Multiplayer Authority Configuration

Every node in a multiplayer scene has a multiplayer authority—the peer ID that “owns” the node. By default, the server (peer ID 1) is the authority for all nodes. If your RPC is annotated with "authority" mode but a client is trying to call it, the call will fail because the client is not the authority.

Set the authority correctly when spawning player-controlled nodes:

func spawn_player(peer_id: int):
    var player = player_scene.instantiate()
    player.name = str(peer_id)
    player.set_multiplayer_authority(peer_id)  # The client owns their player
    $Players.add_child(player)

# In the player script:
func _ready():
    # Only process input if we are the authority
    set_process_input(is_multiplayer_authority())

@rpc("authority", "reliable", "call_local")
func fire_weapon():
    # Only the owning client can call this
    var bullet = bullet_scene.instantiate()
    get_parent().add_child(bullet)

A common mistake is setting authority after adding the node to the scene tree. In some cases, _ready() fires before set_multiplayer_authority() is called, causing early RPCs to use the wrong authority. Always set the authority before calling add_child().

Verifying the Connection

RPCs require an active ENet connection. If you call rpc() before the connection is fully established, the call is lost. Always wait for the appropriate signal before sending RPCs:

var peer = ENetMultiplayerPeer.new()

func host_game():
    peer.create_server(7777)
    multiplayer.multiplayer_peer = peer
    multiplayer.peer_connected.connect(_on_peer_connected)

func join_game(address: String):
    peer.create_client(address, 7777)
    multiplayer.multiplayer_peer = peer
    multiplayer.connected_to_server.connect(_on_connected)

func _on_connected():
    print("Connected! Safe to send RPCs now.")
    # Now RPCs will work
    request_game_state.rpc_id(1)

func _on_peer_connected(id: int):
    print("Peer %d connected" % id)
    # Safe to send RPCs to this specific peer
    send_welcome.rpc_id(id, get_game_state())

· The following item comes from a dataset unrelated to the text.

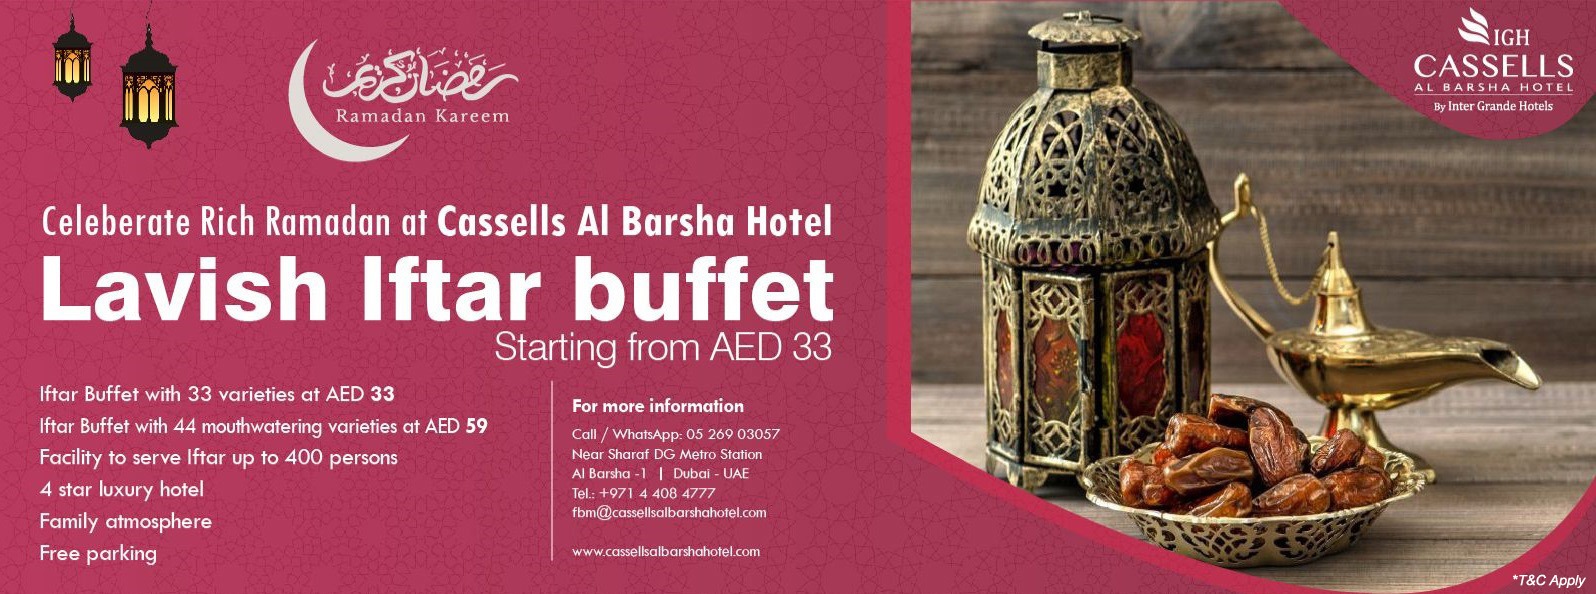 Iftar at Cassells Al Barsha Hotel - Coming Soon in UAE

Also check the return value of create_server() and create_client(). They return an Error enum—if the port is already in use or the address is invalid, the function returns an error code but doesn’t crash. Always verify: if peer.create_server(7777) != OK: push_error("Failed to create server").

Debugging Tips

When an RPC isn’t working, add print statements at both the call site and the function body to determine which side is failing. If the call site prints but the function body doesn’t, the RPC is being dropped in transit. If neither prints, the calling code isn’t being reached at all.

Check the multiplayer peer state with multiplayer.multiplayer_peer.get_connection_status(). It should return CONNECTION_CONNECTED. If it returns CONNECTION_DISCONNECTED or CONNECTION_CONNECTING, the connection isn’t ready for RPCs.

For complex multiplayer setups, use Godot’s built-in MultiplayerSynchronizer alongside RPCs. The synchronizer handles continuous state replication (positions, rotations, animations) while RPCs handle one-off events (damage, item pickups, chat messages). Mixing the two correctly avoids many of the node path and authority issues that cause RPC failures.

Godot RPCs fail silently by design—check annotations, paths, and authority before assuming the network is broken.